President Jacob Zuma and the Indian Prime Minister Narendra Modi. File picture: Manish Swarup President Jacob Zuma and the Indian Prime Minister Narendra Modi. File picture: Manish Swarup
Pretoria - The South African government seems to be leaning towards supporting India’s controversial bid to join the Nuclear Suppliers Group (NSG), an association of nations which control the trade in nuclear materials and technology, sources have told African News Agency.
India failed in its bid to join the NSG last month because it has acquired nuclear weapons and so is not a member of the 1970 Nuclear Non-proliferation Treaty, NPT.) The NPT is an international instrument which dictates that only the five nuclear powers of that time, may have atomic weapons.
Indian Prime Minister Narendra Modi is visiting South Africa for the first time this week and it is believed he will ask President Jacob Zuma to back India’s bid to join the NSG.
Sources say Modi will try to persuade Zuma that India only wants to join the NSG to acquire materials and technology for its peaceful, civilian nuclear power plants – and not its nuclear weapons programme.
In 2006, using that argument, the US persuaded the NSG to grant India an exemption which enabled it to buy such technology; Now India wants permanent membership of the NSG.
International Relations and Cooperation Minister Maite Nkoana-Mashabane was asked on Monday if she expected Modi to lobby Zuma for support and whether he would give it.
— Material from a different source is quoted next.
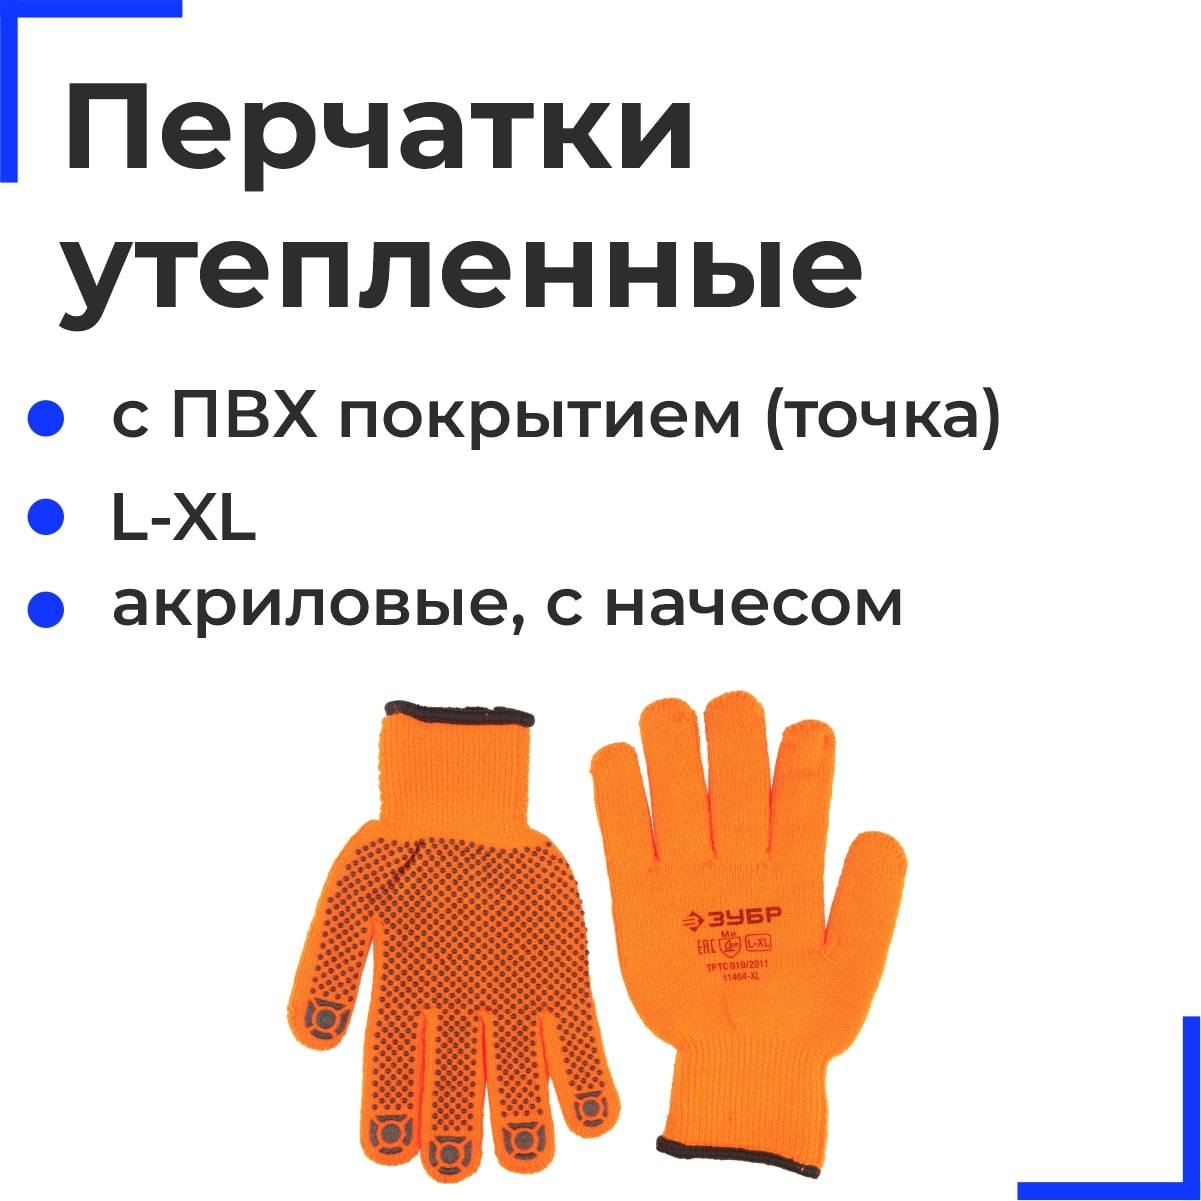 ЗУБР АНГАРА, размер L-XL, перчатки утепленные с начесом, акриловые, с ПВХ покрытием (точка)
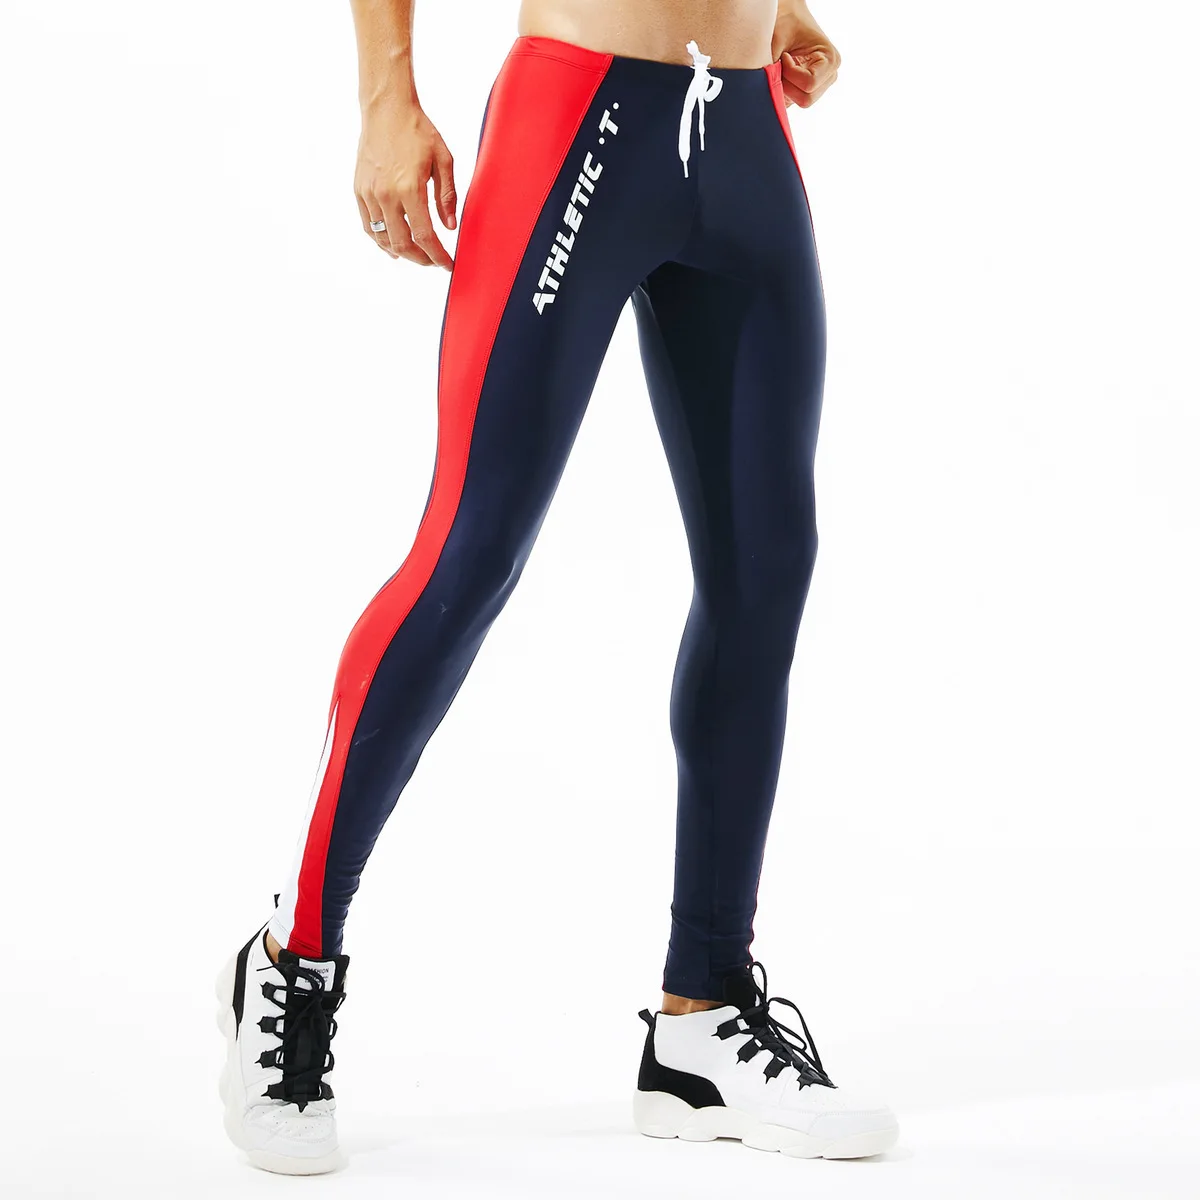 Сексуальные мужские леггинсы s, мужские тренировочные леггинсы для тренировок, колготки для бега, быстросохнущие спортивные компрессионные штаны для мужчин, спортивная одежда

She noted that today all members of the NSG were also members of the NPT, but the added that in the one-on-meeting which Zuma and Modi would have this week, the NSG could come up.
Official South African sources say Pretoria is leaning towards backing Modi’s bid, because of South Africa’s strong friendship with India, including through their mutual members of alliances such as Brics (the Brazil, Russia, India, China and South Africa forum) and IBSA (the India, Brazil and South Africa forum)
However many disarmament advocates, including some in government, oppose India joining the NSG because they believe this will create a dangerous precedent that will undermine the NPT and encourage nuclear proliferation.
SA officials are also suggesting that the election of a new chairperson of the African Union Commission, which is scheduled to happen at the AU summit in Kigali, Rwanda on July 17 and 18, will be postponed until the next summit in January next year.
South Africa’s Nkosazana Dlamini-Zuma, who took the chair in 2012, has decided not to seek a second term and so is due to retire next month so AU leaders needed to find a replacement before that.
However officials have said that there is a widespread feeling that none of the three candidates who have been nominated are up to par and that a hunt is under way for a new candidate.
The three are from Equatorial Guinea, nominated by central Africa, from Uganda, nominated by east Africa and Botswana’s foreign minister Pelonomi Venson-Motoi, nominated by the Southern African Development Community (Sadc).
Sadc argues that since Dlamini Zuma is not serving a second term, Sadc is entitled to hold the post for the next four years.
However officials say Ecowas (Economic Community of West African States) has just written to the AU saying it cannot support Venson-Motoi, as her president Ian Khama hardly ever attends AU summits.
Other AU regions oppose her candidacy because they don’t like Khama’s foreign policy, including his vocal support for the International Criminal Court – which is a pariah to the AU – and for generally pro-Western views.
Ecowas has asked for the elections for the AU Commission chair and all other positions on the AU Commission, to be postponed until the next summit to allow time to find new candidates.
AU experts say it will require a two-thirds vote of leaders at the Kigali summit to postpone the elections. But SA officials expect it will happen.
Nkoana-Mashabane said she knew nothing about these developments and insisted that as a loyal member of Sadc, “South Africa is fully behind our Sadc candidate.”
She also announced that Zuma will undertake a state visit to France on July 11 to meet President Francois Hollande and to preside with him over the centenary commemoration of the World War 2 Battle of Delville Wood in France where hundreds of South African soldiers died.
Nkoana-Mashabane noted that in preparation for the centenary celebrations, the Delville Wood memorial had been transformed to recognise the historical role played by black South African soldiers in both world wars.
The minister ducked a question about whether Zuma and Hollande would discuss France’s bid to build SA’s proposed 9 600 megawatt nuclear power plant fleet.
But the nuclear bid is sure to be on the table.
The minister also dodged a question about the impact of Brexit on South Africa and the region.
“We don’t know about Brexit. We saw it on TV,” she said, adding that “we have heard it will have a negative impact on our trade with a number of countries of that region”.